Consistently presenting some of the finest and most influential voices in contemporary poetry, the Segue Series — now in its thirtieth season — has called the Bowery Poetry Club its home for the past six years. In the near future, we'll be posting segmented versions of many more recent Segue recordings, including readings by Anselm Berrigan, Elaine Equi, Frank Sherlock and CAConrad.

While you're checking out these recent Segue Series readings, be sure to listen to the dozens of recordings available from the series' earlier incarnations at both the Ear Inn and Double Happiness.


Philip Whalen: New and Newly Segmented Recordings

Posted 3/31/2008 (link)


We've recently added a pair of recordings featuring the late Philip Whalen, whose Collected Poems, edited by Michael Rothenberg, has been drawing considerable critical accolades as of late.

Dating from August, 1971 in San Francisco, our recording of excerpts from Scenes of Life at the Capital comes from the personal reel-to-reel collection of Robert Creeley. Clocking in at just over forty-five minutes, it captures approximately half of Whalen's book-length poem, which was first published in a small-press version by Maya in 1970, before being picked up by Donald Allen's Grey Fox Press for an expanded edition in 1971. This new recording effectively fills in the gap between Whalen's hour-long 1987 reading in Albuquerque, New Mexico, and his performance at the 1963 Vancouver Poetry Festival at the University of British Columbia.

We're also proud to announce a newly-segmented version of that highly-influential reading, which includes almost thirty individual MP3s.

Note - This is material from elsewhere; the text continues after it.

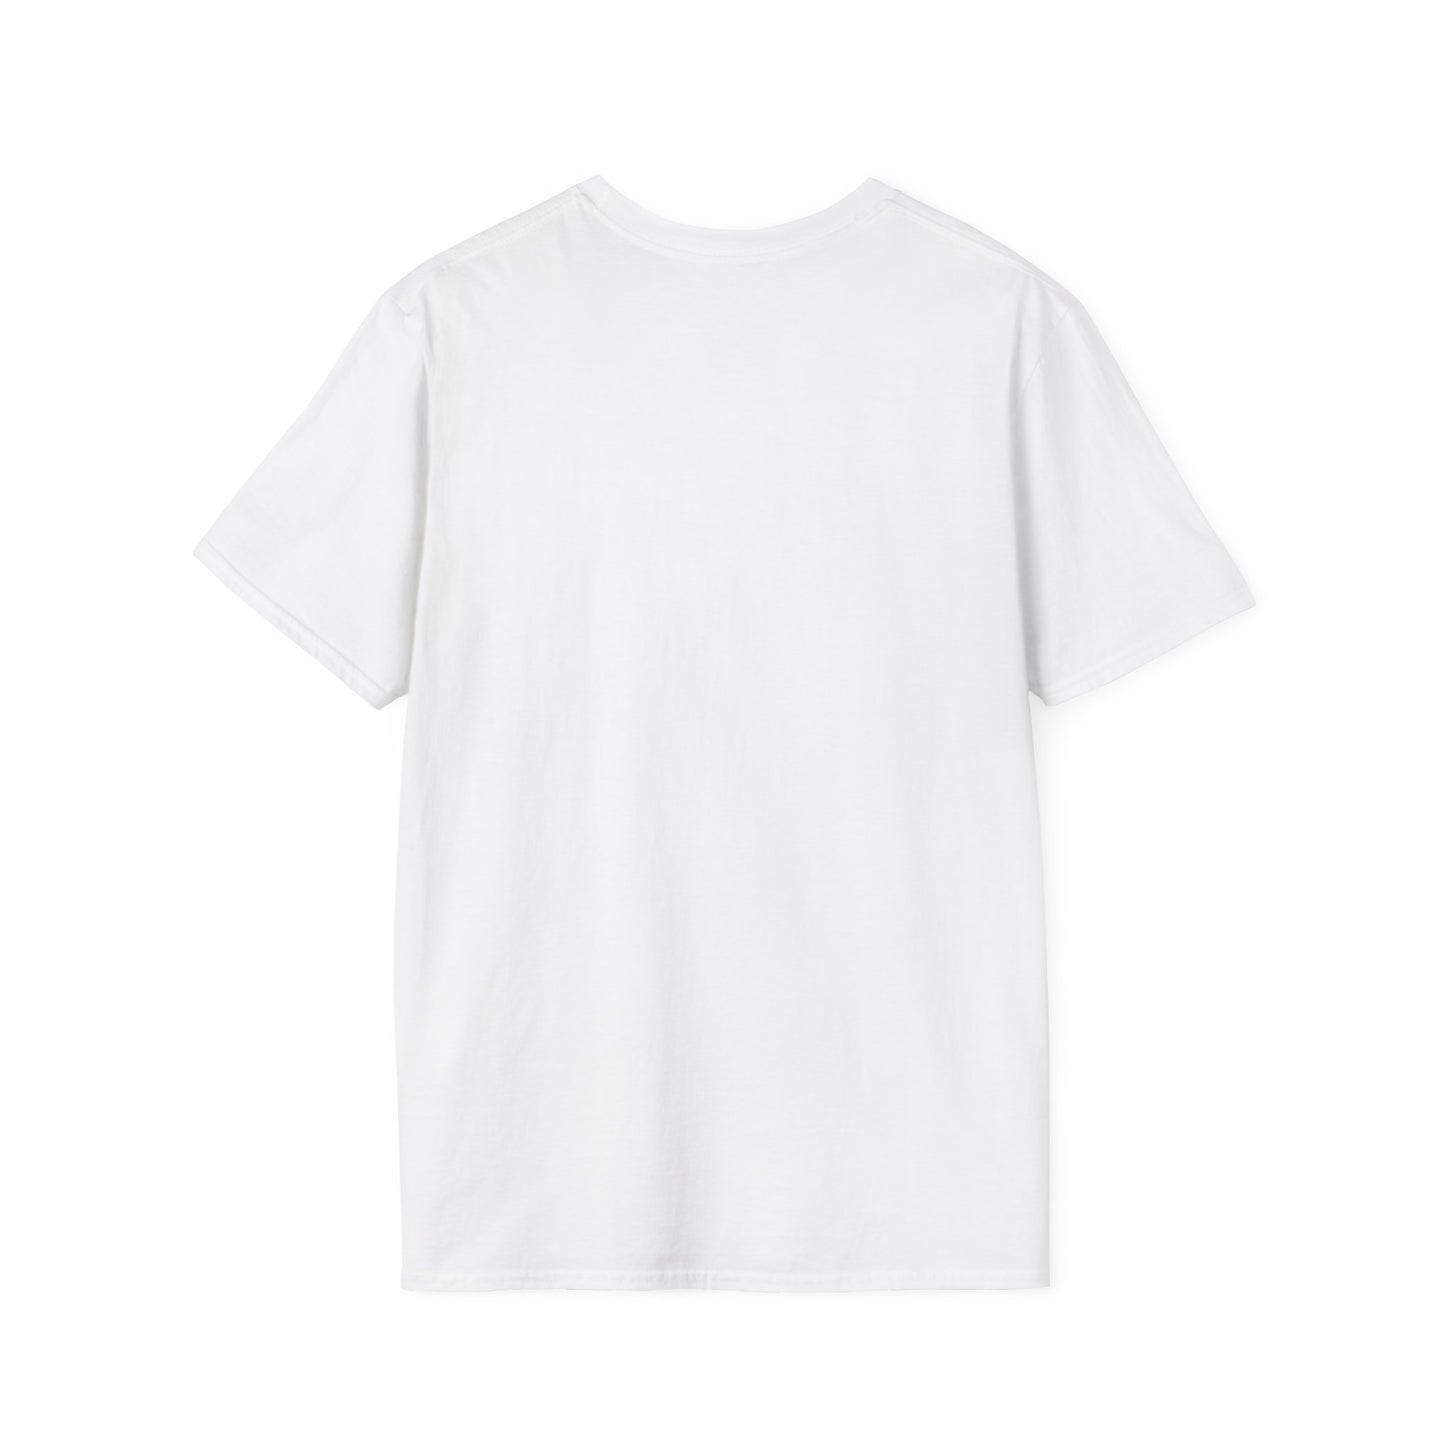 LCAM-21 Unisex Softstyle T-Shirt

Whalen reads for over an hour, balancing longer works, such as "Dream & Excursus, Arlington Massachusetts," "Plums, Metaphysics, an Investigation, a Visit, and a Short Funeral Ode," "Letter to Michael McClure" and "Life and Death and a Letter to My Mother Beyond Them Both," with short, observational pieces, such as "To the Moon" and "An Irregular Ode." There also appear to be, as best as we can tell, three works which do not appear in The Collected Poems of Philip Whalen, which we've provisionally titled "A Wednesday Morning," "This Boy at Princeton Studied Russian" and "The Self-Indulgence Poem." During the reading, Whalen mentions that he wants to read mostly new work, and this, combined with a comment when introducing "The Art of Literature," that he runs into trouble when lending his only copies of poems to friends, suggests that perhaps these works were either lost or discarded prior to publication.